Wednesday, August 13, 2014

Til We Meet Again...

My friend and co-worker died this past weekend as a result of a senseless car accident.  Brandon was only thirty-one years old, a good friend (much like a little brother) with a very kind heart in a somewhat rough exterior.  He was taken away from us much too soon, but I count myself lucky to have crossed paths with him.  Brandon's untimely death was hitting me quite hard.  I found myself tearing up at random times and could not imagine how I would cope when I enterd our shared office Monday morning and didn't see his smiling face or hear him say, "How was your weekend, Jules?".  Some tough weeks and months are ahead for all of us who worked with him.

I am fifty-five years old, so I have seen my fair share of death. 

I barely remember my grandparents, most of them passing while I was just a young girl.  My Grandma Muelver died while I was in college and honestly, I was not that close with her.  I do recall driving back for her funeral in the middle of a Wisconsin winter, my tire blowing out while I was going fifty-five on the freeway, a good Samaritan stopping to help me change it, missing the funeral, and getting to my aunt's house just in time to see my relatives and shed some tears while giving and receiving hugs of condolence.  (No cell phones back then, so no way to let anyone know what was going on.)

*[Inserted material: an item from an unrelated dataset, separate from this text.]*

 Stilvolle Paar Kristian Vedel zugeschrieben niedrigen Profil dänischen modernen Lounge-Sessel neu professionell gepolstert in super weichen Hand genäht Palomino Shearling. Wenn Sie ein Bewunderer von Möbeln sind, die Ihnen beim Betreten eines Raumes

The summer I was pregnant with Kaitlyn we attended three funerals - Lance's paternal grandfather, his maternal grandmother and my father.  Talk about a tough summer!  The thing is, while unexpected and extremely sad, all three had lived a long and full life.  (They were all well into their late seventies, early eighties.)  My biggest regret is that none of them got to meet our daughter Kaitlyn.  They would have loved her.

My mother has been gone for sixteen years.  We were vacationing in Northern Wisconsin and had rented a three bedroom cabin so my mom could enjoy time on the lake with us when we got the news.  Mom had been hospitalized the week before our vacation with pneumonia.  We were hoping we could get her out for a day or so to recuperate with us, as she was supposed to be released from the hospital mid week.  The night before she was to go home, she died in her sleep.  It was a very difficult time and hard to reconcile.  She was only sixty-nine.  Kaitlyn couldn't understand why her Grandma was gone and worried that other loved ones would leave her, too.  How do you explain death to a five year old with out scaring her?

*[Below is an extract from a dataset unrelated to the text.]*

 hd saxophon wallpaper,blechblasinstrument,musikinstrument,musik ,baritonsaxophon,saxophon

My sister Linda died two years ago after an eighteen month battle with cancer and Lance's brother Lorin died unexpectedly this year shortly after New Years. And they are just the tip of the iceberg. Each loss takes away a little part of us, as we think about all the friends and family we have lost throughout the years.

So, why am I writing this? 

Not to depress anyone or to preach a message some are not ready to hear. 

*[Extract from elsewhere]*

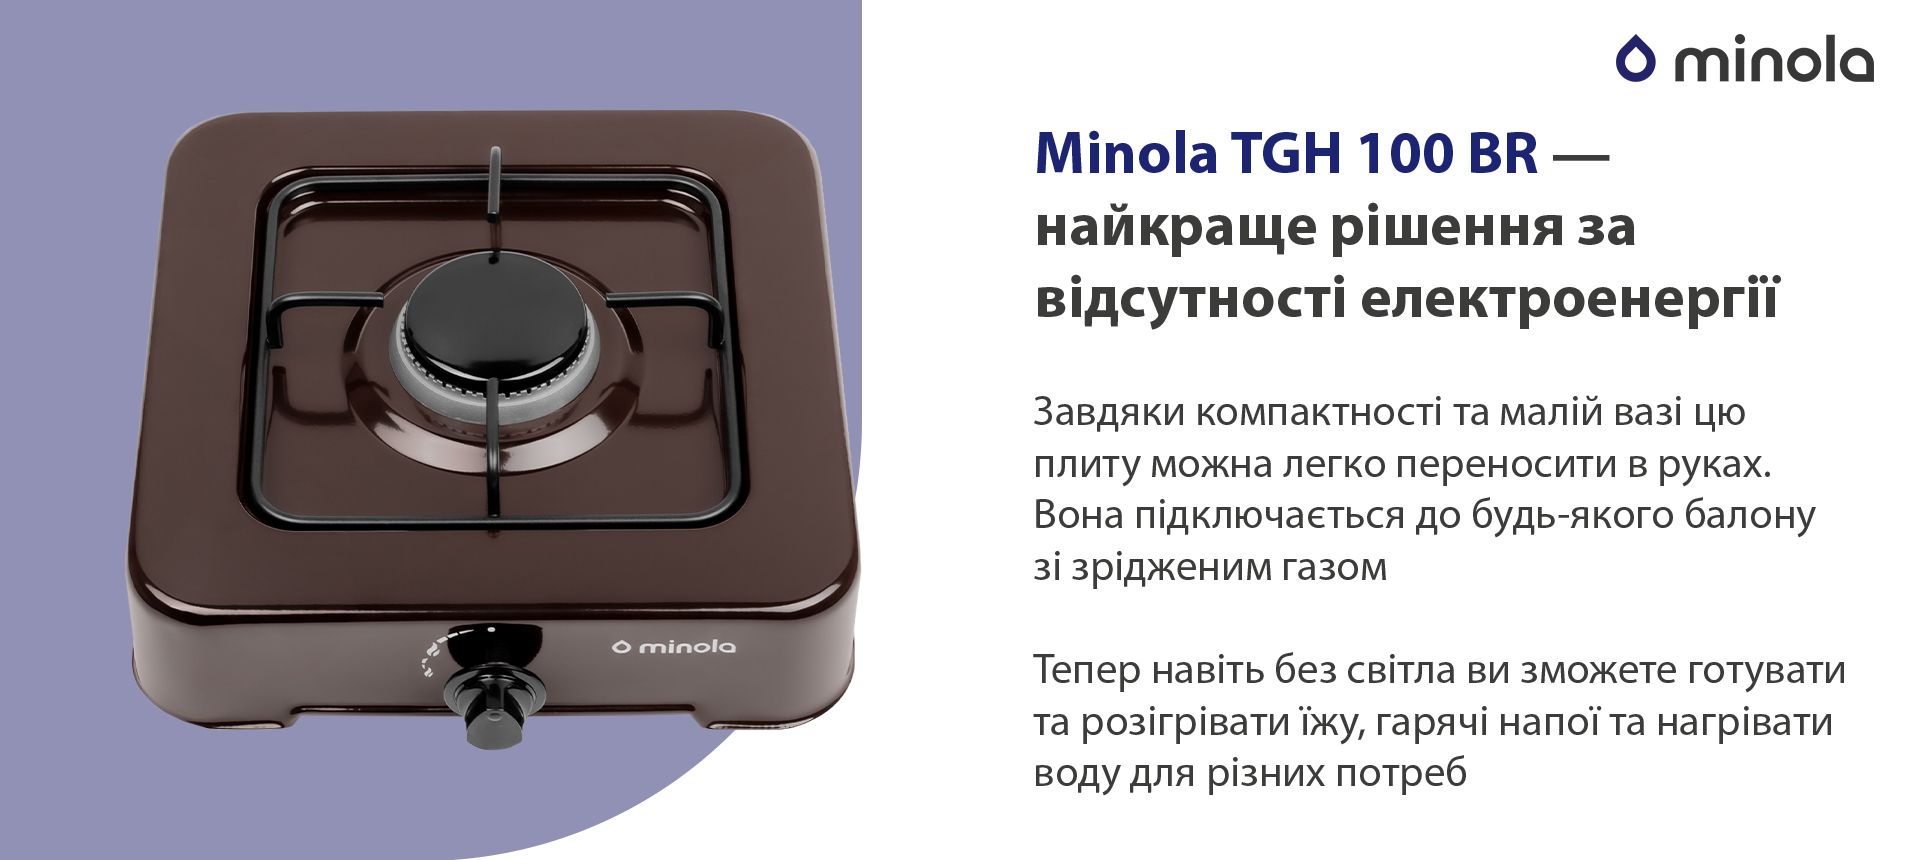 Плита настільна Minola TGH 100 BR характеристики - фотографія 7

Part of this writing is a way to help me work out my sadness over the most recent death that has become a part of my life.  It is therapeutic for me (kind of like washing down Brandon's desk Monday morning gave me a little closure and acceptance). I am reminded that life is fragile and we should take the time to tell our friends and family how much they mean to us...every day.

I believe that our time here on earth is part of a longer journey and we will see all our loved ones again in heaven.  I like to think that Brandon and Lorin have run across each other and are talking about hunting.  I picture my parents, aunts and uncles gathered around a table playing Royal Rummy.  I believe Roy and Jeff are playing in a gospel band, together again, up in heaven.  I see Linda and Karen overseeing field trips for all the children who left this earth at a young age.  I believe they are all watching over us and want us to remember them fondly, but also want us to get on with living.

So to Brandon and everyone else we have lost - thank you for being a part of our lives.  They would not have been the same without you.

Farewell for now...'til we meet again.